Talking about the "mean" of a dichotomous variable (like each stage of CoC) is a bit odd. Usually people would say "proportion" - but this works out the same.

The figures seem to have errors. By design, each stage of CoC has to be less common than earlier ones. But this is not reflected in the figure. E.g. for Afghanistan, the mean for level 3 is higher than for level 2. For Albania, they seem to be equal. Problems like this occur for other countries, too. So, either something is wrong in what you plotted, or I am confused (but if I am confused, others are likely to be confused as well).

*** Reviewer #2:

The article "Exposure to conflicts and its influence on continuum of maternal health care: Analyses of 452,192 women across 49 countries and 82 surveys" by Rammohan explores the change in the odds of receiving any of a set of maternal care components in relation to exposure to conflict. The article is original, well-conceived, well-written, and compelling.

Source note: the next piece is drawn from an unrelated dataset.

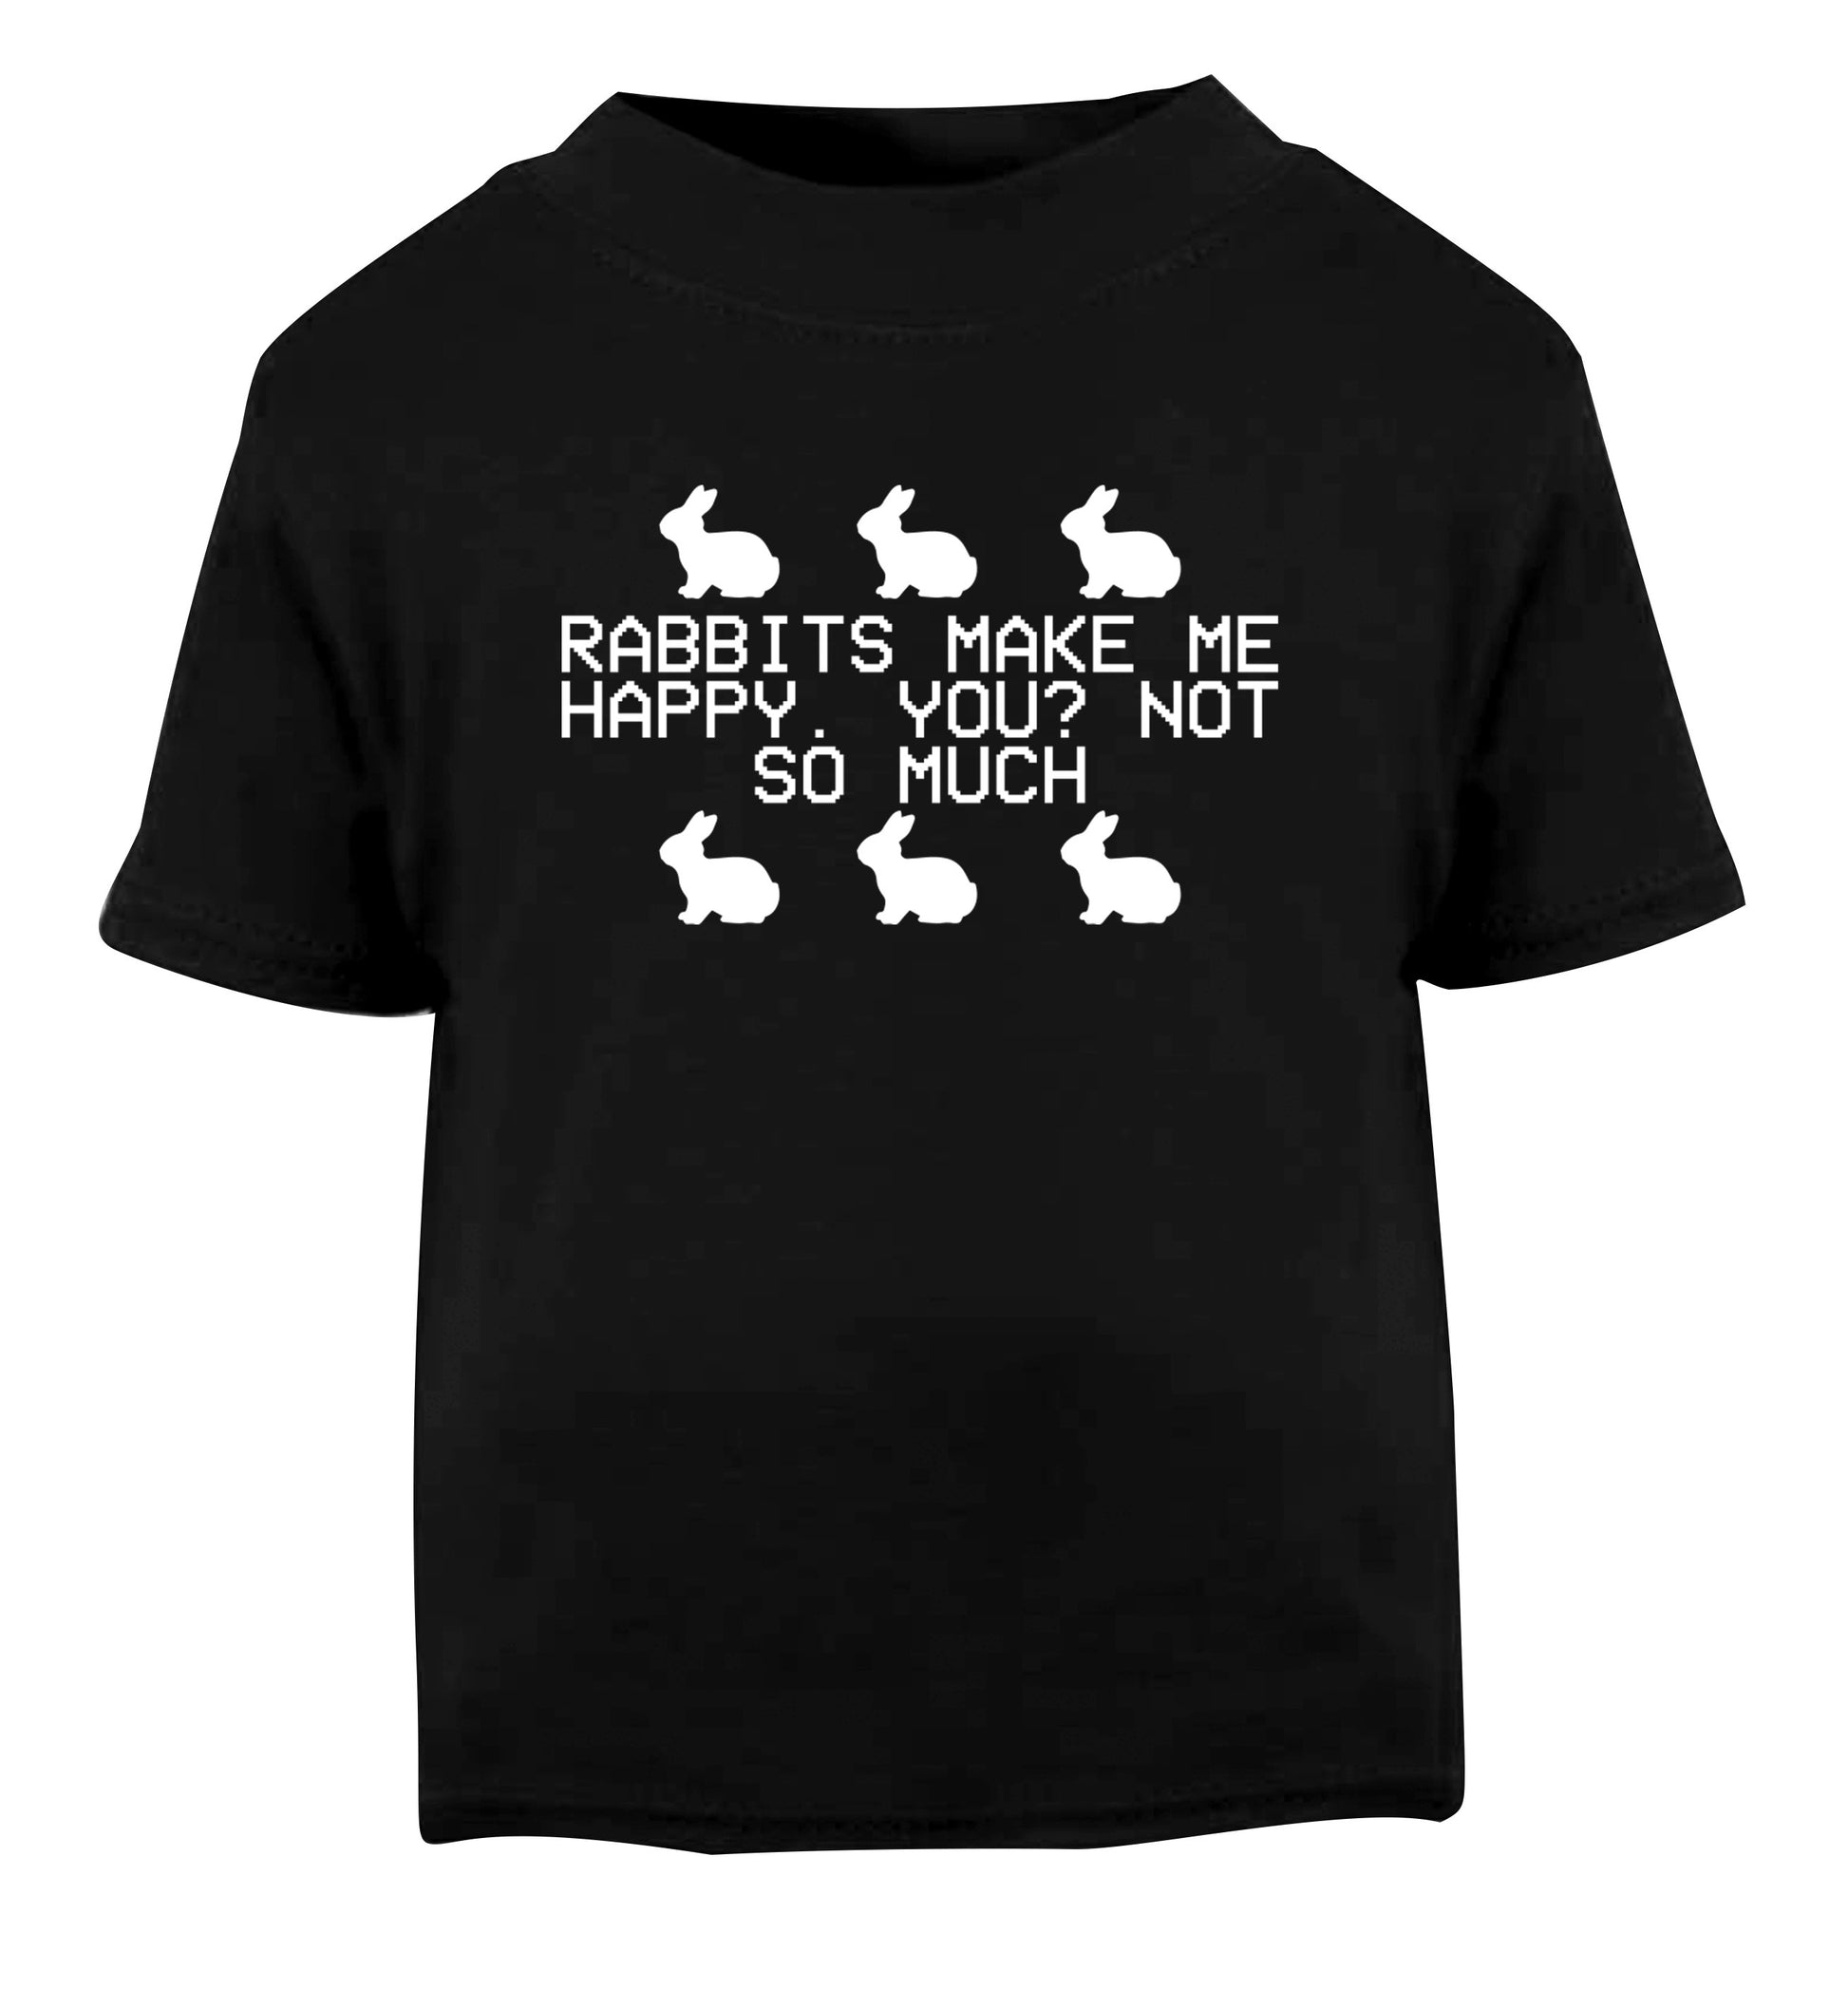 Rabbits make me happy, you not so much Black Baby Toddler Tshirt 2 years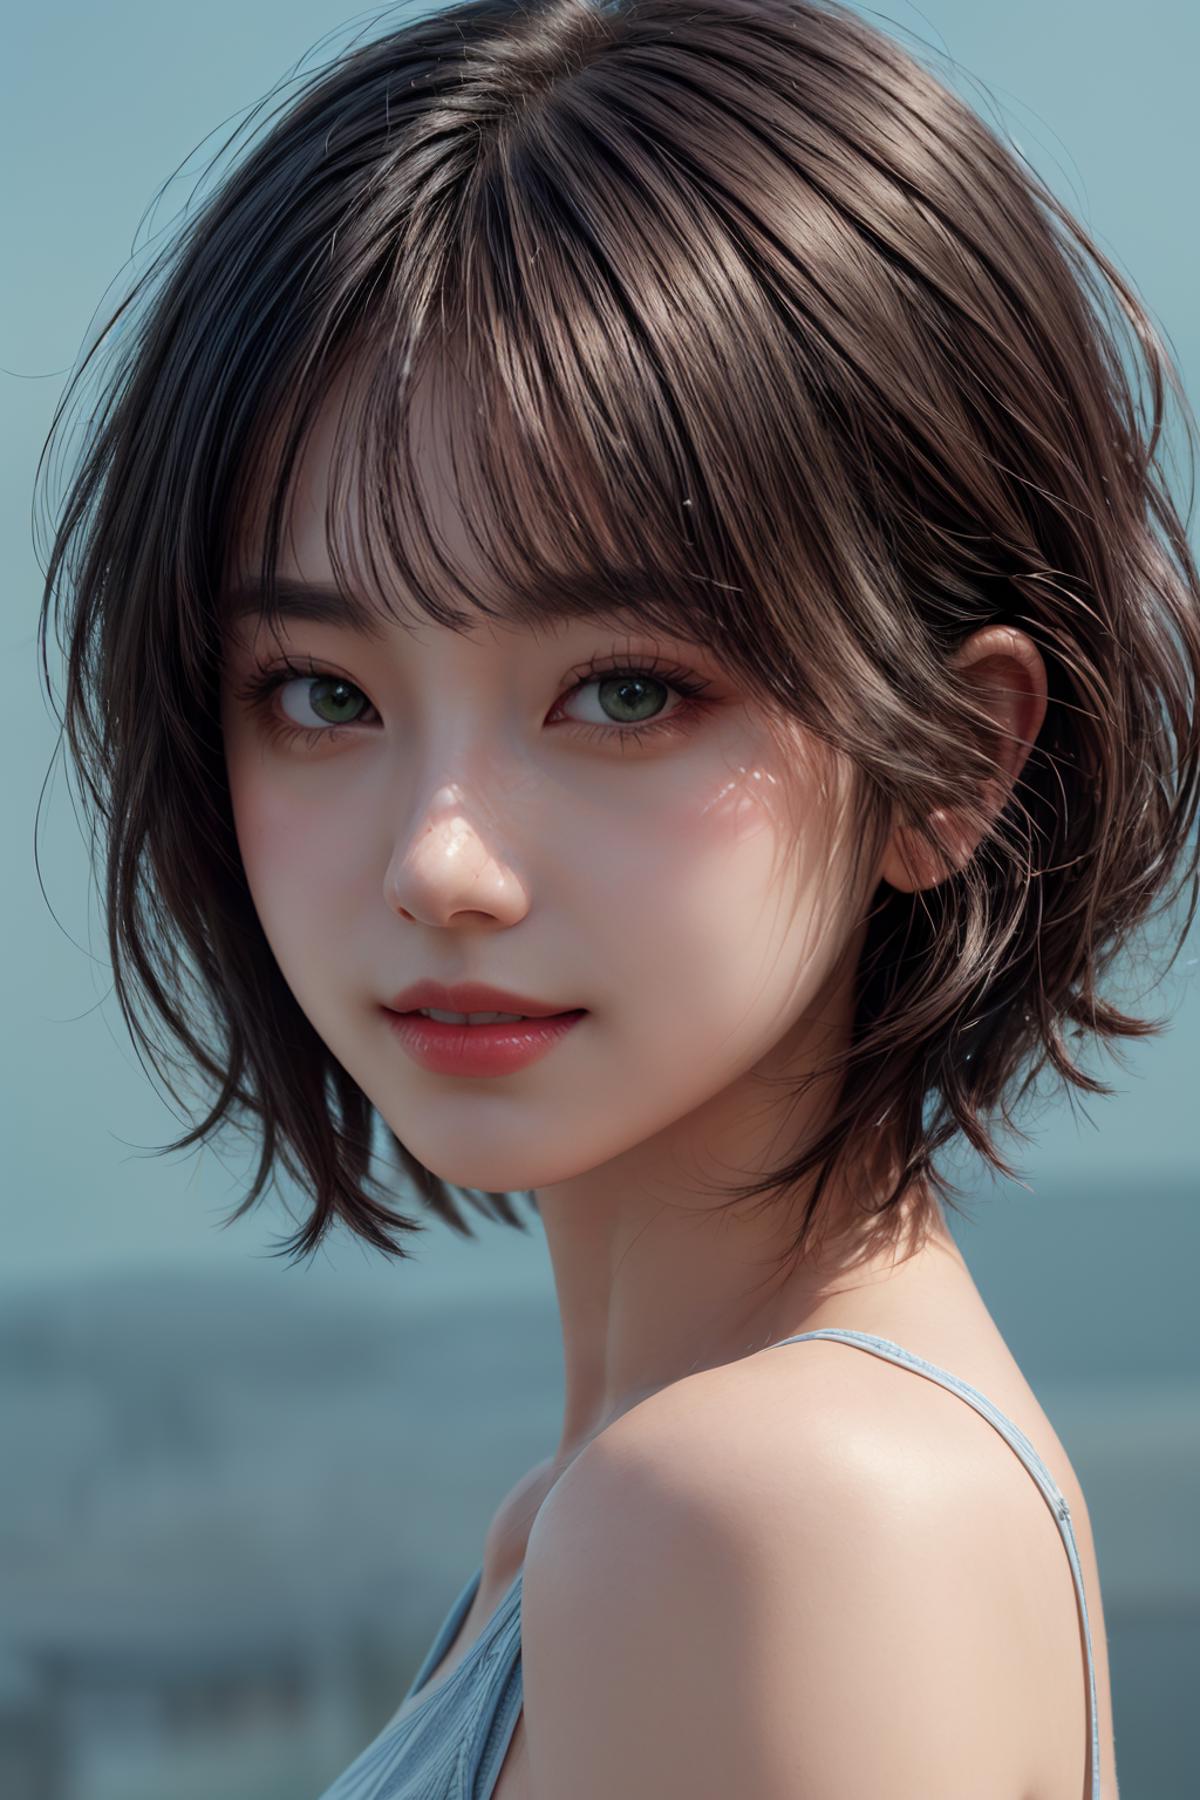 AI model image by supershy2001

The only substantive comment of note is that the exposure is defined at the provincial level. Some provinces (by which I assume the authors mean the first administrative level - the terminology differs by country) are small (and therefore exposure is well-measured), while others are large, and exposure may be measured with noise. Along a similar vein, using the province boundary may miss nearby conflicts just on the other side of the province boundary. An improvement would be to allow linkage by lat-long coordinates. However, that will likely only improve precision (classical measurement error in the exposure variables), and is not critical for inference in this paper.

The main non-substantive comments is that the manuscript is written as if geared for economists, and towing closer to medical literature templates may make it more impactful among medical/health readership. Suggestions may be to shorten/tighten the intro; remove boldface parts; simplify some of the methods; extend discussion and include some limitations.

The article is clear, lucid, and a pleasure to read. Overall this makes a really nice and important contribution to the thickening literature about the role of conflict in eroding the health and well-being of women and children.

*** Reviewer #3:

Background: This section is rather thin and lacks the depth of the rationale for the study. It is not a surprise that conflict affects access to services. There is a lot of literature on this and it would have been useful to include even if small framework in what way the conflict affects this. For example evidence on increase of c-sections and delay of immunizations are key to understand the interaction between conflict and maternal health outcomes. Another consideration missing is type of place of conflict and how differently this might affect the access. Recent papers on Palestine (Leone et al and Siam et al.) have highlighted this mainly given different intensities (tackled by this paper) in different parts of the country. Basically the paper in the background and the conclusions needs to answer the so what question beyond the data contribution.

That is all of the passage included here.